Lincoln Road back then had a drug store/Botanica we always visited that sold Cuban cigars, a variety of purposeful religious candles, even anti-werewolf powder (because you never know.) There were galleries and tiny ethnic restaurants, even the Miami City Ballet, which had a picture window where you could watch them practice, complete with Edward Villella.
This Sunday, all that was gone.
Some of the old places were there, like Sushi Samba, and Books & Books, wild parrots rustling and squawking in the palms. But we only saw maybe one gallery and a Forever 21 that took up half a block. There were those annoying spa hawkers who try to give you free face cream samples and lure you into a store, restaurant shills shoving menus into your face and roving bands of tourists and families out for a Sunday stroll. The Botanica was long gone, and there were no impossibly beautiful people, either, no ballerinas twirling behind plate glass windows.
This is the New Miami, I thought, which felt a lot like the New Orlando or the New Sarasota.
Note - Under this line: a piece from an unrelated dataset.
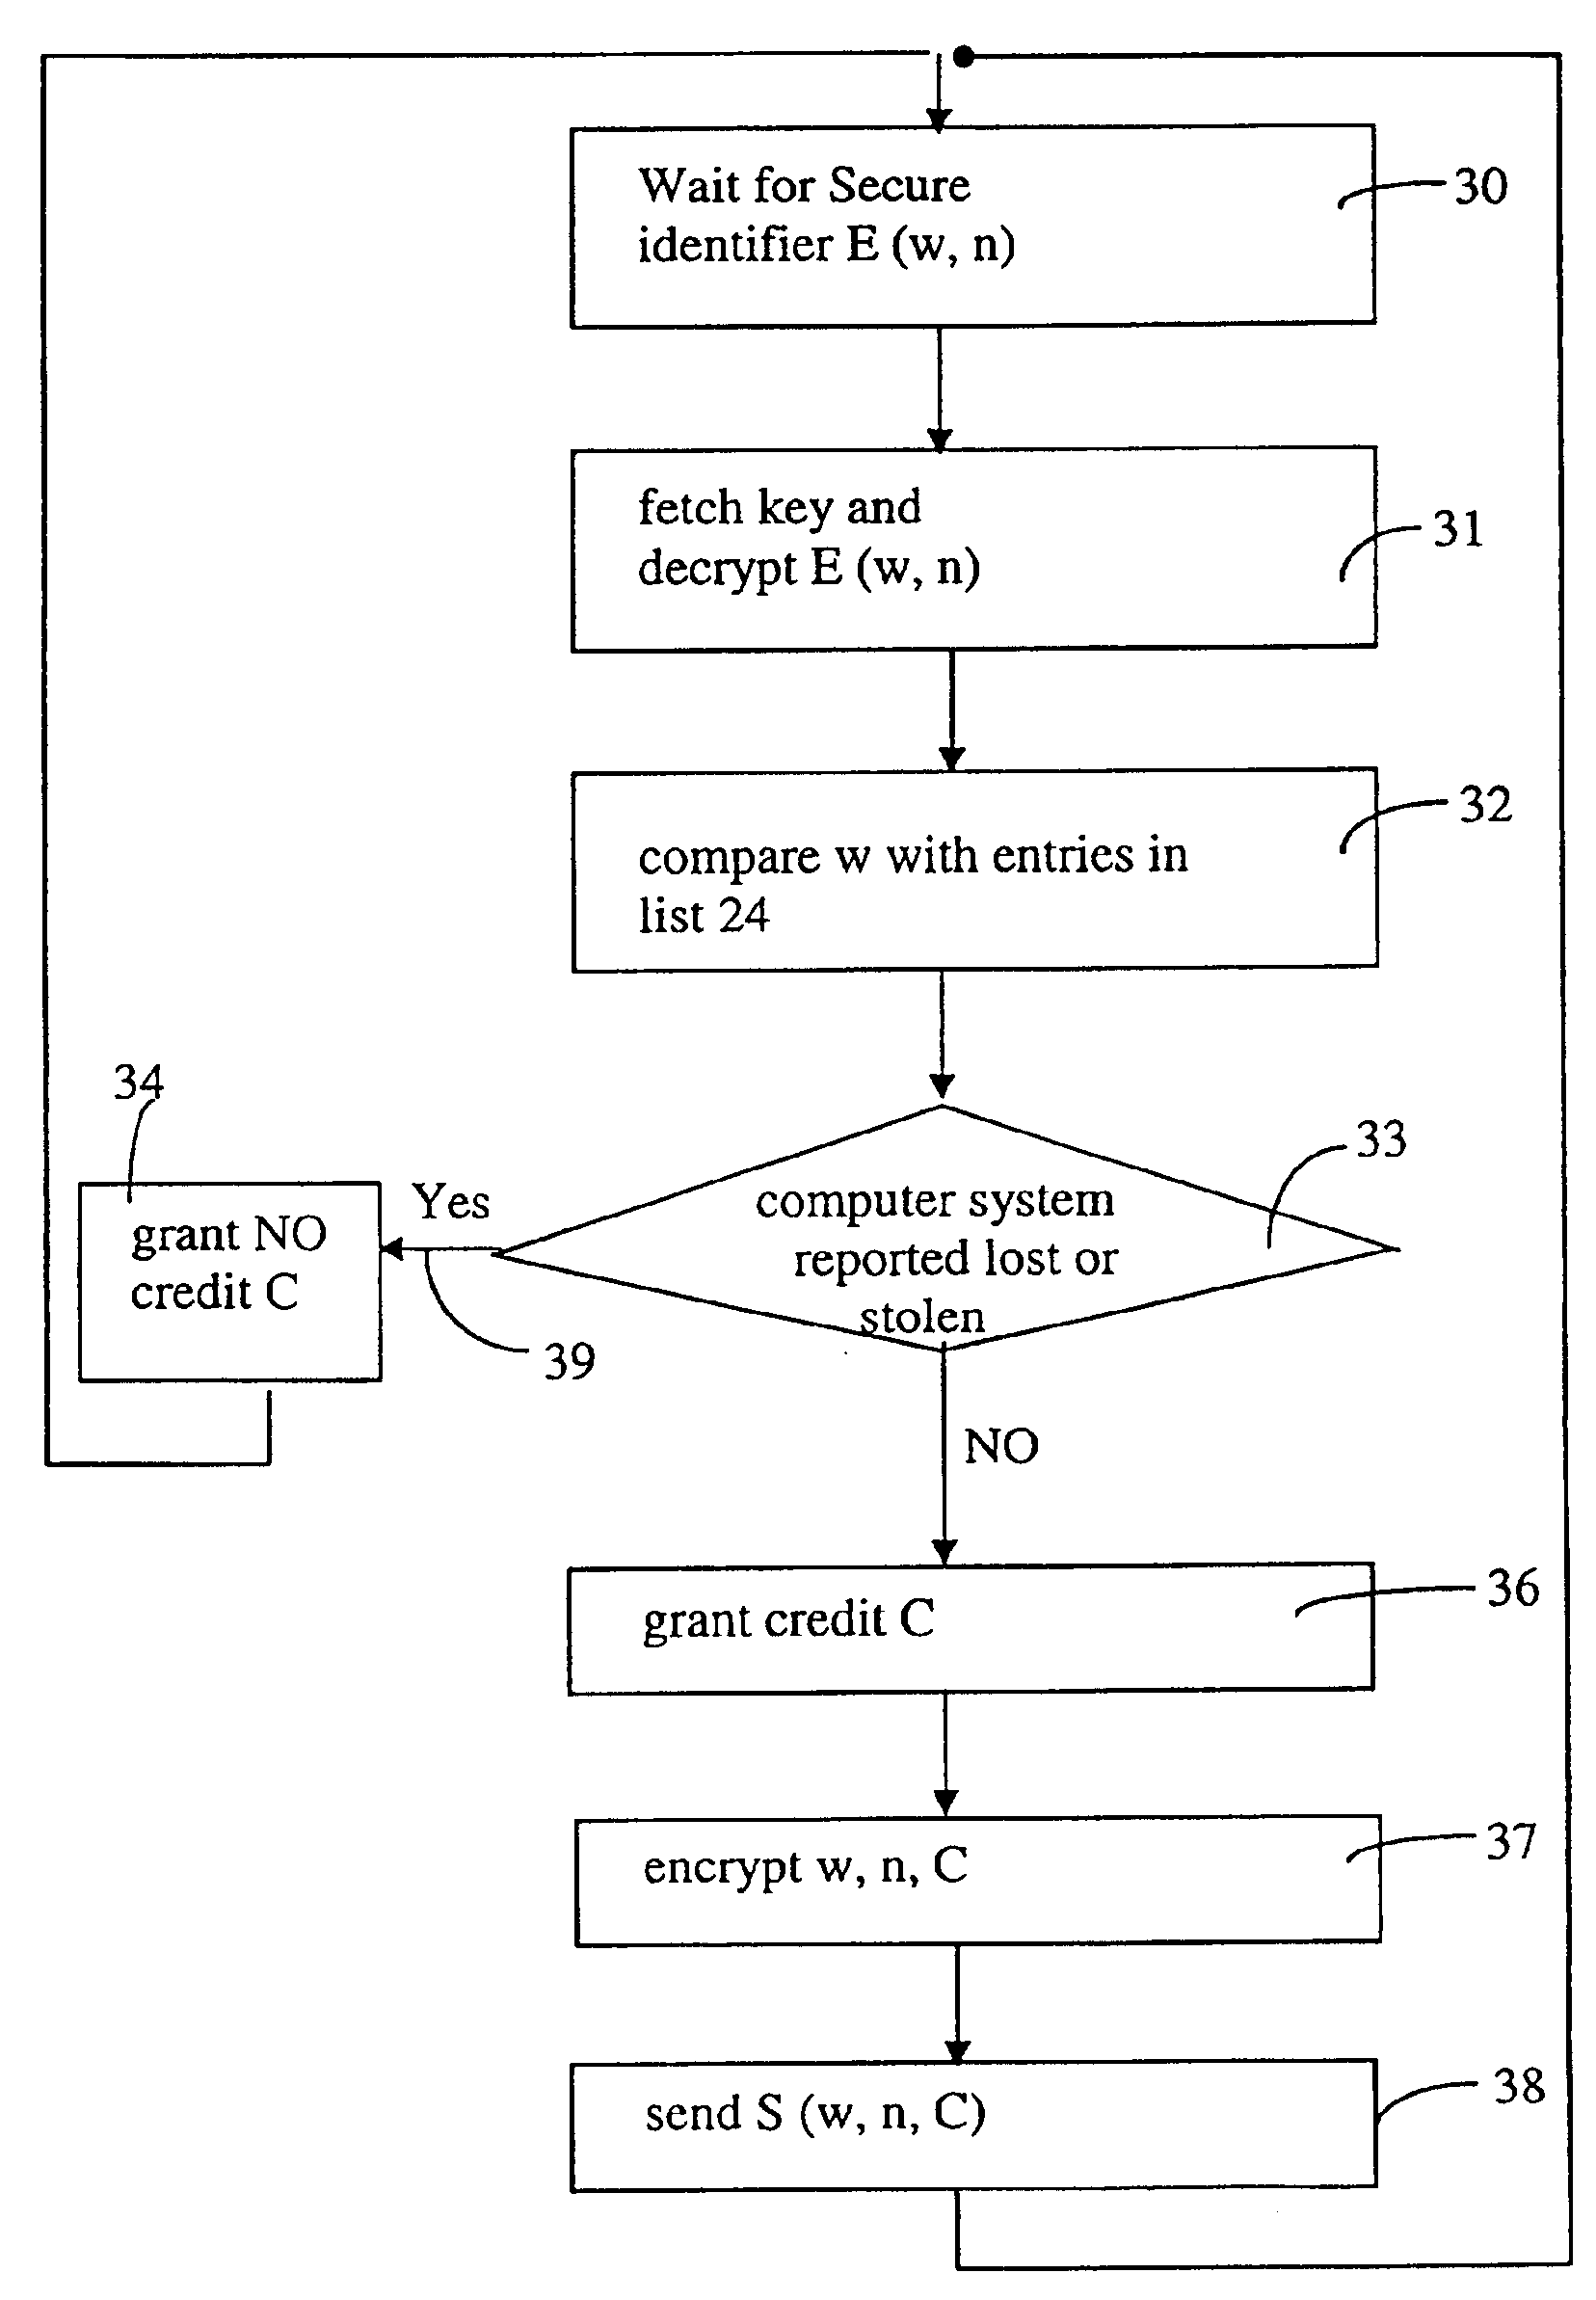 Scheme for blocking the use of lost or stolen network-connectable computer systems

Española Way was better, but something was still missing. Built as an artists’ colony in the 1920s—and the first commercial street in Miami Beach—the tiny vintage street has completed a $2.5 million restoration, intended to evoke an Old World “Spanish village with large overhangs, thick stucco walls and glazed tile” everywhere. This narrow little street—pedestrians only—still has some of that untapped historic charm—but is almost completely populated by one small café after another, with virtually no retail. Like an elaborate al fresco food court, only better.
We were looking for some trace of boho South Florida we remembered, or felt authentic, wacky, unique, the kind of vibe you could only find in Miami Beach. For some reason, it didn’t show up that day. Maybe we remembered things wrong or maybe we were in all the wrong places.
But we haven’t given up trying to find it again.